World Factory Start-Up Center, RUB

Impact Hub, Essen

Über Marie Jahoda

Marie Jahoda (1907-2001) war eine österreichische Sozialwissenschaftlerin und Sozialpsychologin. Sie wuchs in Wien auf und begann dort nach dem Abitur im Jahr 1926 das Studium der Psychologie.  Aufgrund der prekären finanziellen Lage ihrer Familie arbeitete Marie Jahoda neben ihrem Studium unter anderem im Berufsberatungsamt der Stadt Wien, im dortigen Gesellschafts- und Wirtschaftsmuseum und als Arbeiterbibliothekarin im Gemeindebau Karl-Marx-Hof. 1932 legte sie ihre Promotion ab und veröffentlichte nur ein Jahr darauf gemeinsam mit ihrem ersten Ehemann Paul Lazarsfeld die bahnbrechende Studie „Die Arbeitslosen von Marienthal“. 

Sie arbeitete zunächst im Schuldienst, wurde dann aber als aktives Mitglied der österreichischen Sozialdemokratie und Aktivistin gegen das NS-Regime entlassen. Nach ihrer Verhaftung 1936 emigrierte sie im Jahr darauf nach Großbritannien. Der wissenschaftliche Neuanfang gestaltete sich – wie bei vielen Emigrant*innen – hürdenreich und war zunächst von befristeten Forschungsprojekten geprägt. Von 1939 bis 1941 erhielt sie ein Stipendium der University of Cambridge. Bis zum Kriegsende arbeitete Marie Jahoda schließlich als Freelancerin ohne direkte Anbindung an eine Universität. 1945 ging sie in die USA und arbeitete zunächst als Assistentin von Max Horkheimer. 

Mit dem Wechsel an die New York University gelang ihr 1949 schließlich der Sprung auf eine Professur im Bereich der Sozialpsychologie. Hier arbeitete sie an einer Vielzahl von empirischen Studien zu heterogenen Themen wie Vorurteilen, Gruppenkonflikten, Mental Health, Bildungsfragen und beschäftigte sich mit den Folgen des McCarthyismus. 1958 verließ sie die USA und heiratete in zweiter Ehe den englischen Labour-Abgeordneten Austen Albu. 1965 wurde sie Gründungsprofessorin für Sozialpsychologie an der neuen University of Sussex und stand damit auf dem Gipfel ihrer akademischen Laufbahn.
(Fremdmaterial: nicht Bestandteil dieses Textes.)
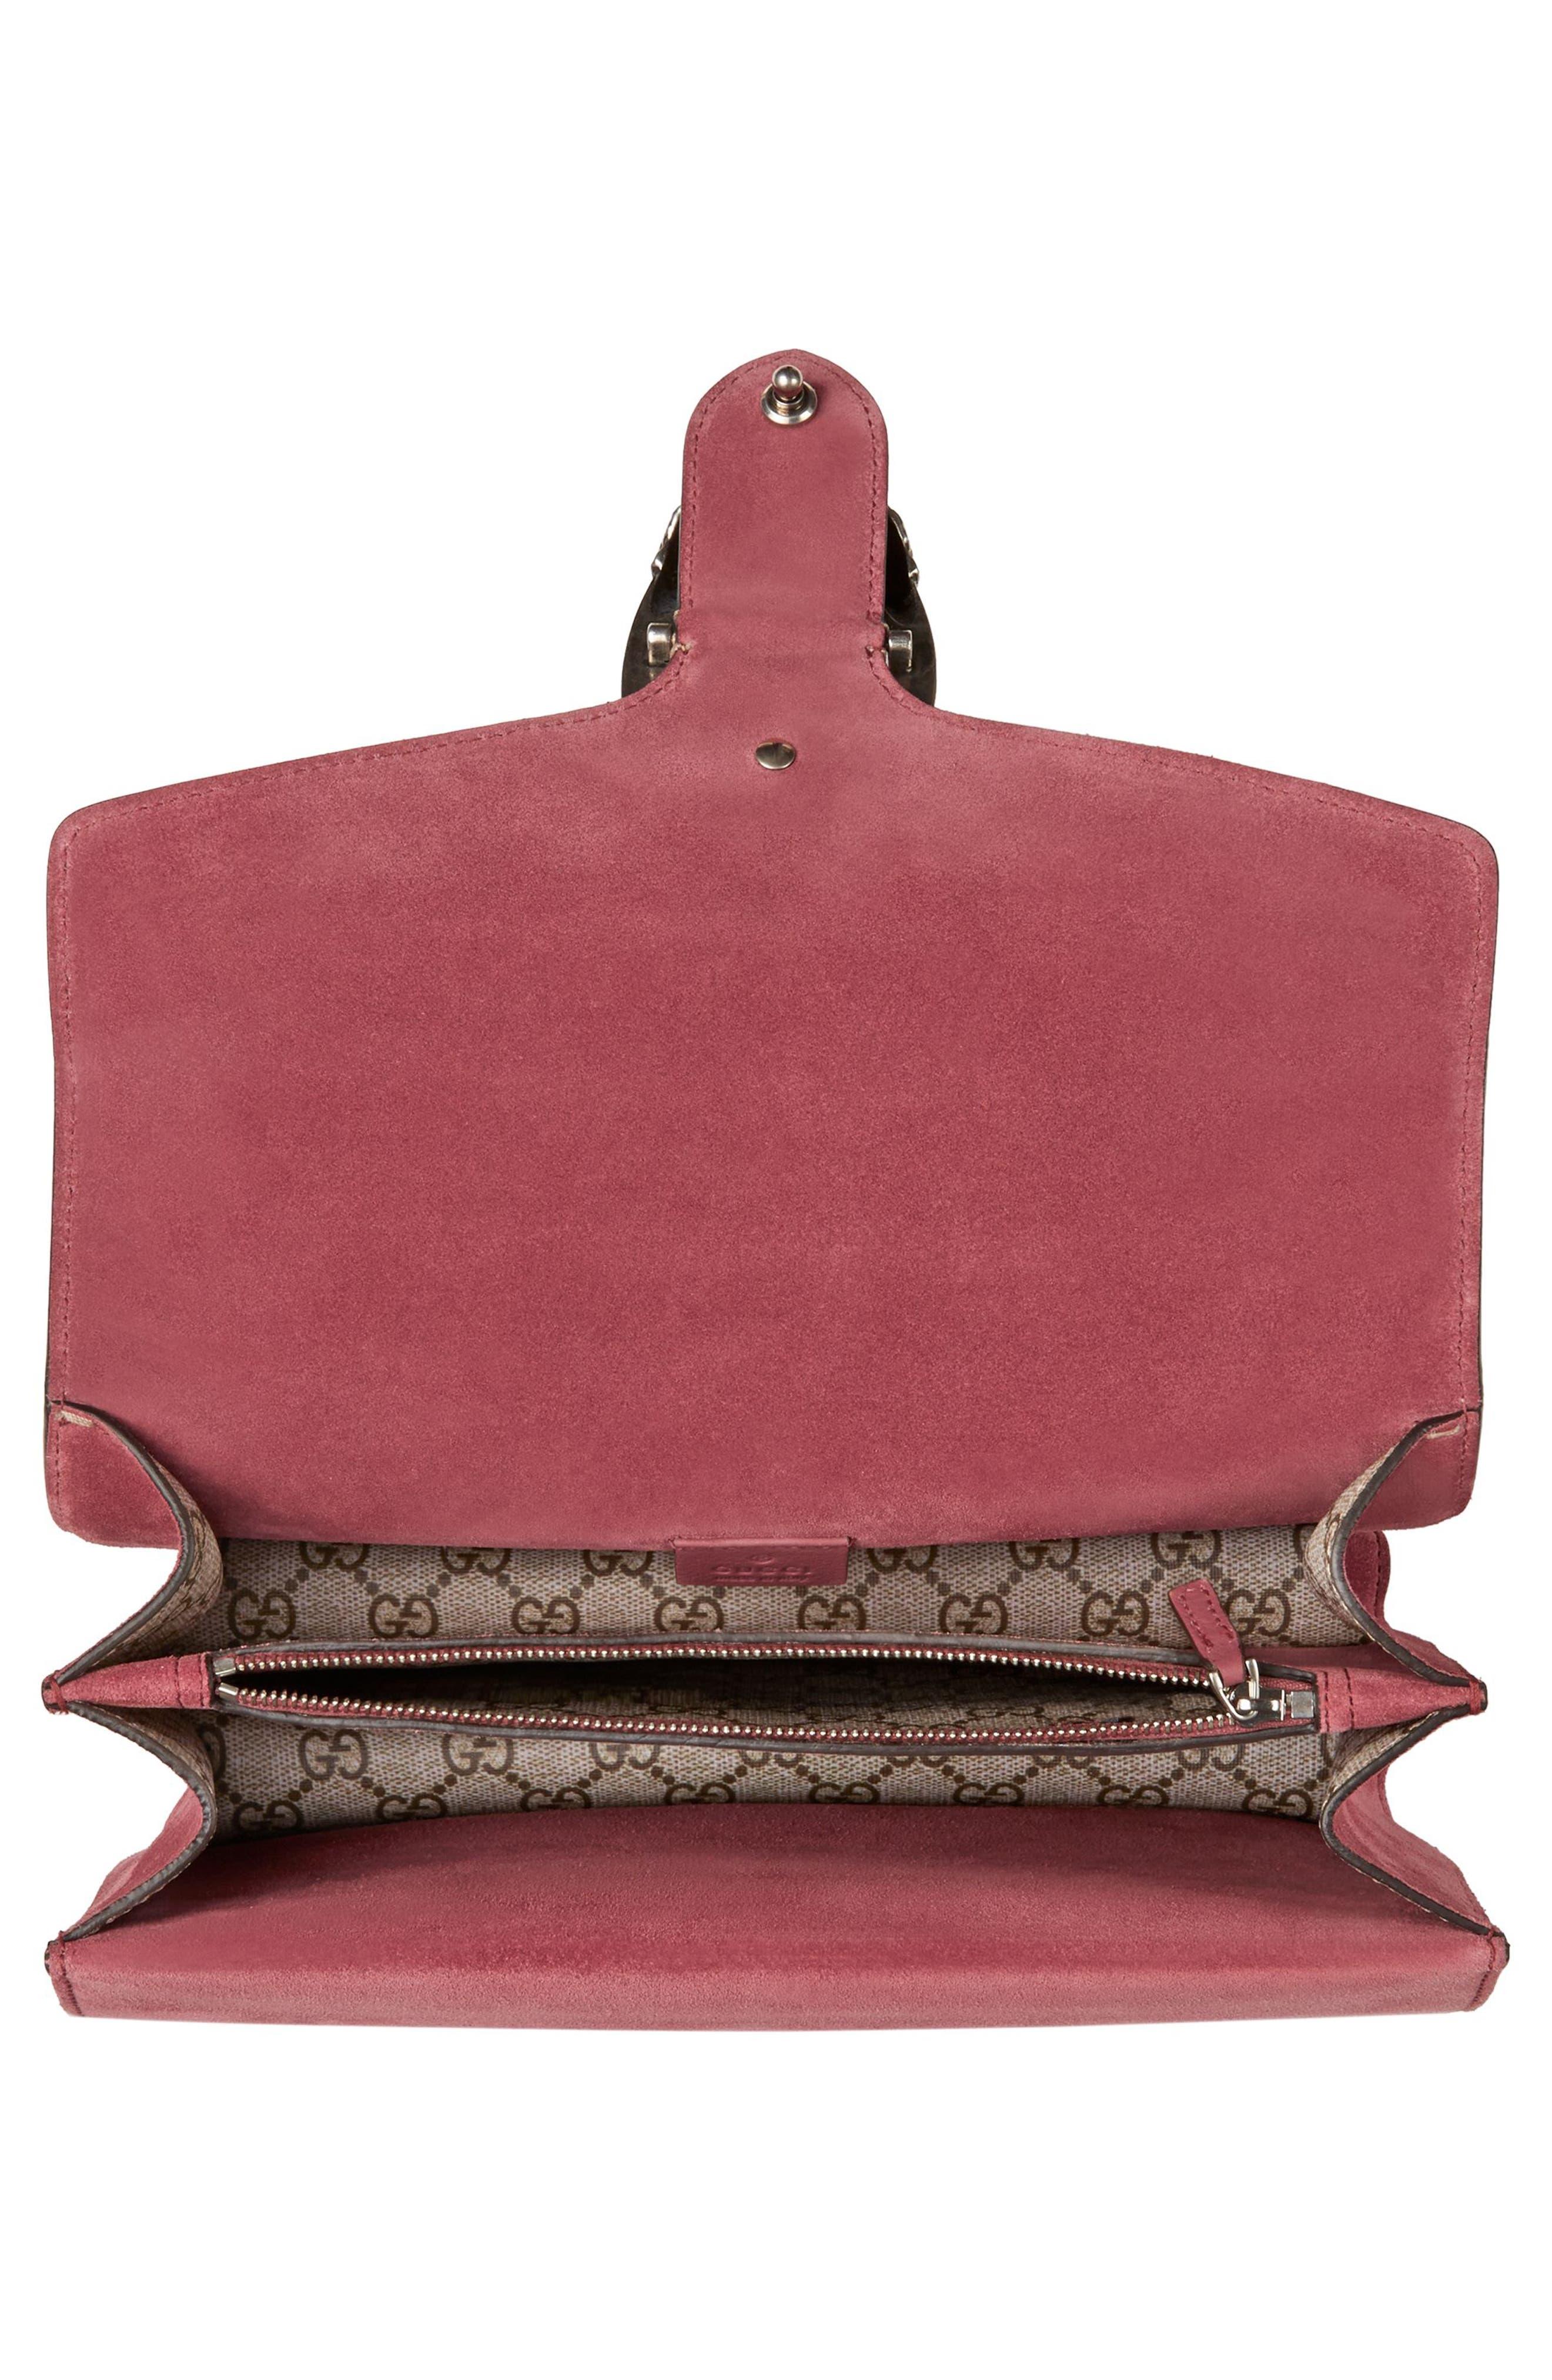 Small Dionysus Floral GG Supreme Canvas Shoulder Bag,                             Alternate thumbnail 3, color,                             Beige Ebony/ Dry Rose

Marie Jahodas wissenschaftliches Schaffen steht für gelebte Interdisziplinarität – gerade auch im Hinblick auf die Methodenauswahl – und Internationalität.  Durch die konsequente Verbindung ihrer wissenschaftlichen Forschung mit gesellschaftlichen Fragestellungen und ihr ausgeprägtes öffentliches Engagement in politischen Organisationen ist Marie Jahoda bis heute Vorbild für einen intensiven Dialog zwischen Wissenschaft und Gesellschaft.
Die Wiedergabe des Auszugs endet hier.